SG Ramsberg/St. Veit - SV Marienstein 1:1 (1:1)
In den vorangegangenen 90 Minuten hatte die Zengerle-Elf ihre tolle Form unter Beweis gestellt und dominierte das Spielgeschehen nach Belieben. Bereits in der 7. Minute war Andreas Knör nach Steilpass von Stephan Steib frei durch und schob zum nervenberuhigenden 0:1 ein. Der frühe Treffer verlieh dem Spiel des SVM Sicherheit und alleine Knör und Steib vergaben bis zur 40. Spielminute vier hochkarätige Tormöglichkeiten. Vor der Halbzeitpause kamen die Hausherren zum völlig überraschenden Ausgleich, als Markus Dietze einen SVM-Klärungsversuch blockte und der Ball direkt im Netz landete. Fast hätte die SG den Spielverlauf komplett auf den Kopf gestellt, doch Raphael Kraus rettete im letzten Moment bravourös gegen den einschussbereiten Patrick Habel.

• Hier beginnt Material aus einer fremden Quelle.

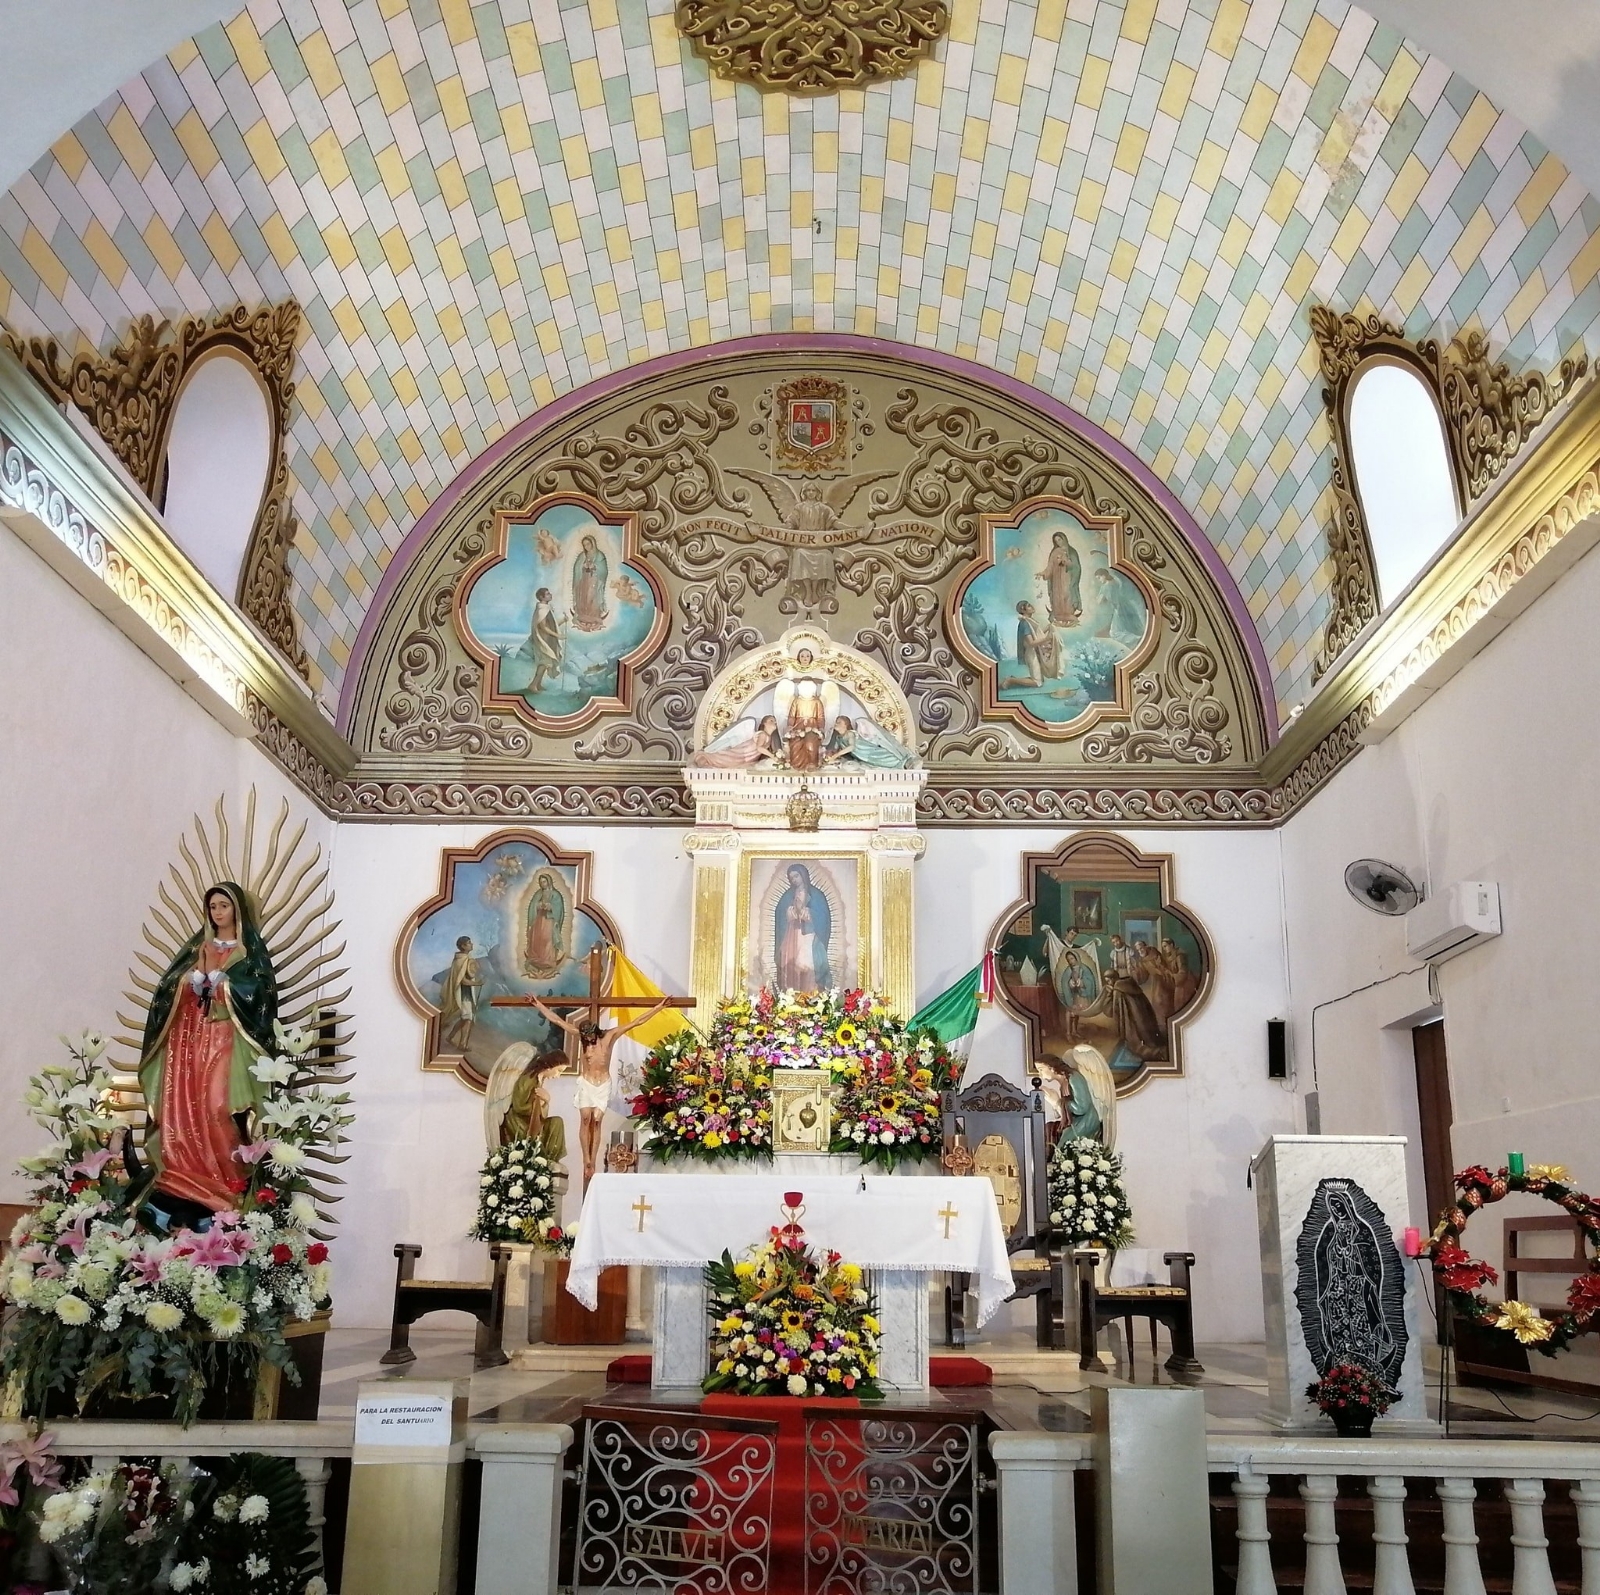 El santuario, el cual está ubicado en el Barrio de Guadalupe en San Francisco de Campeche, es la más antigua de la ciudad,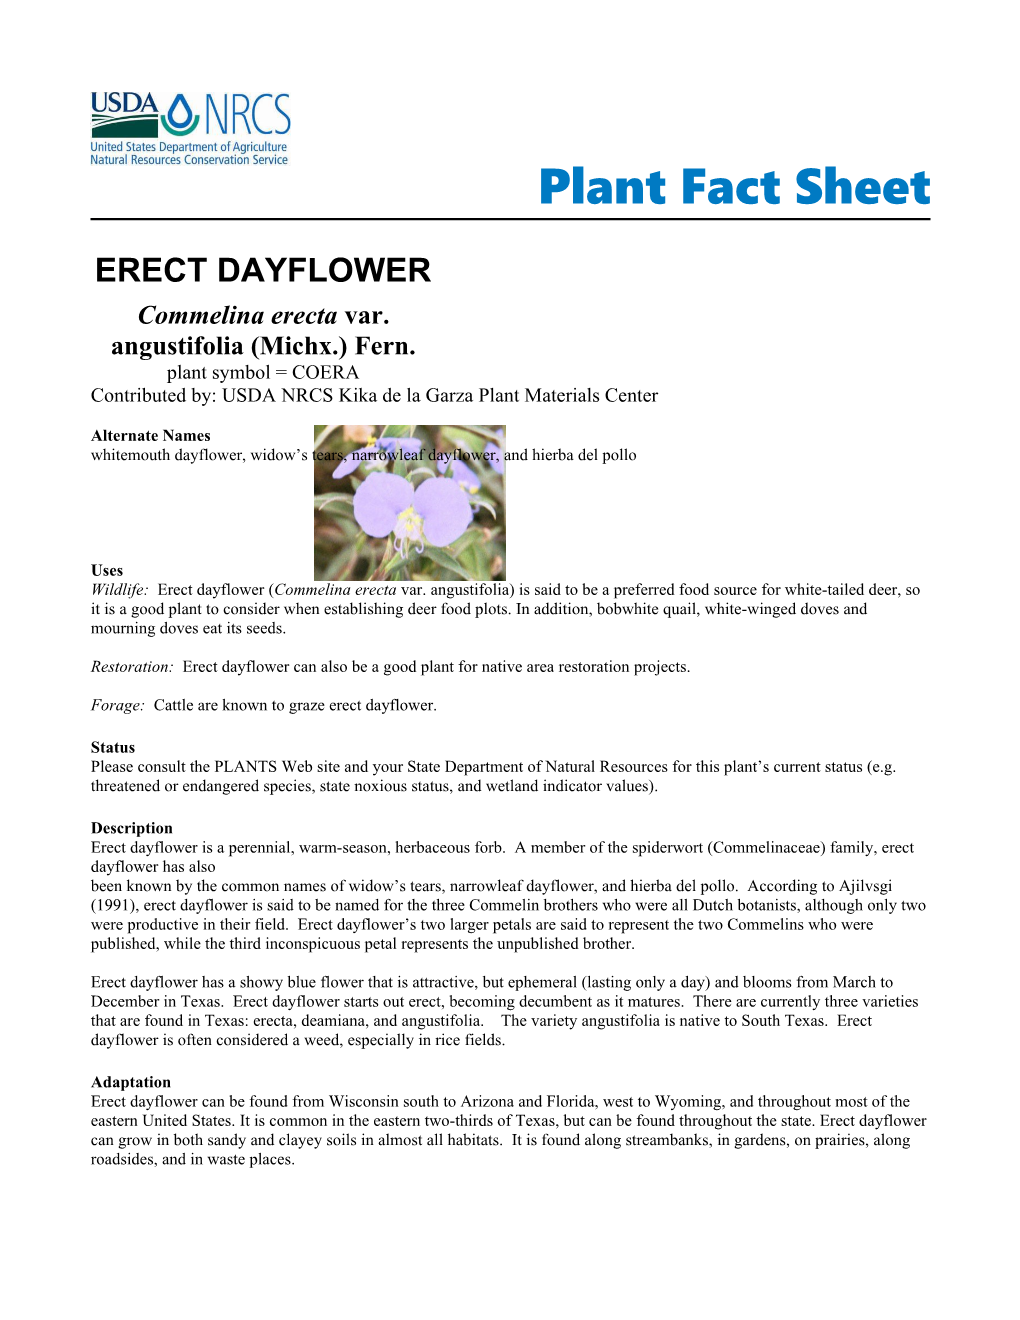 Erect Dayflower Plant Fact Sheet

Nach dem Seitenwechsel sahen die ca. 350 Zuschauer zunächst die schwächste Phase des Spiels, ehe die Blau-Weißen wieder einen Gang höher schalteten. In der 62. Spielminute fischte SG-Torhüter Markus Kluy einen Knör-Abschluss aus 16 Metern aus dem Eck und wenig später zögerte der eingewechselte Pasqual Krieglmeier zu lange beim Abschluss. Kurz darauf legte Steib nach tollem Solo zurück auf Krieglmeier, doch der brachte den Ball nicht im leeren Tor unter. Den Hausherren wurde klar, dass sie mit dem Punkt zufrieden sein konnten, da er ihnen eine gute Ausgangsposition für den Kampf um Rang 2 verschafft und konzentrierten sich deshalb voll auf die Defensive. In den Schlussminuten war es wiederum Knör, der nach tollen Zuspielen alleine vor Klug auftauchte und vergab bzw. zu weit abgedrängt wurde. Somit musste die Zengerle-Elf nach Abpfiff auf die frohe Kunde aus Stopfenheim warten, ehe der dritte Bezirksliga-Aufstieg der Vereinsgeschichte feststand.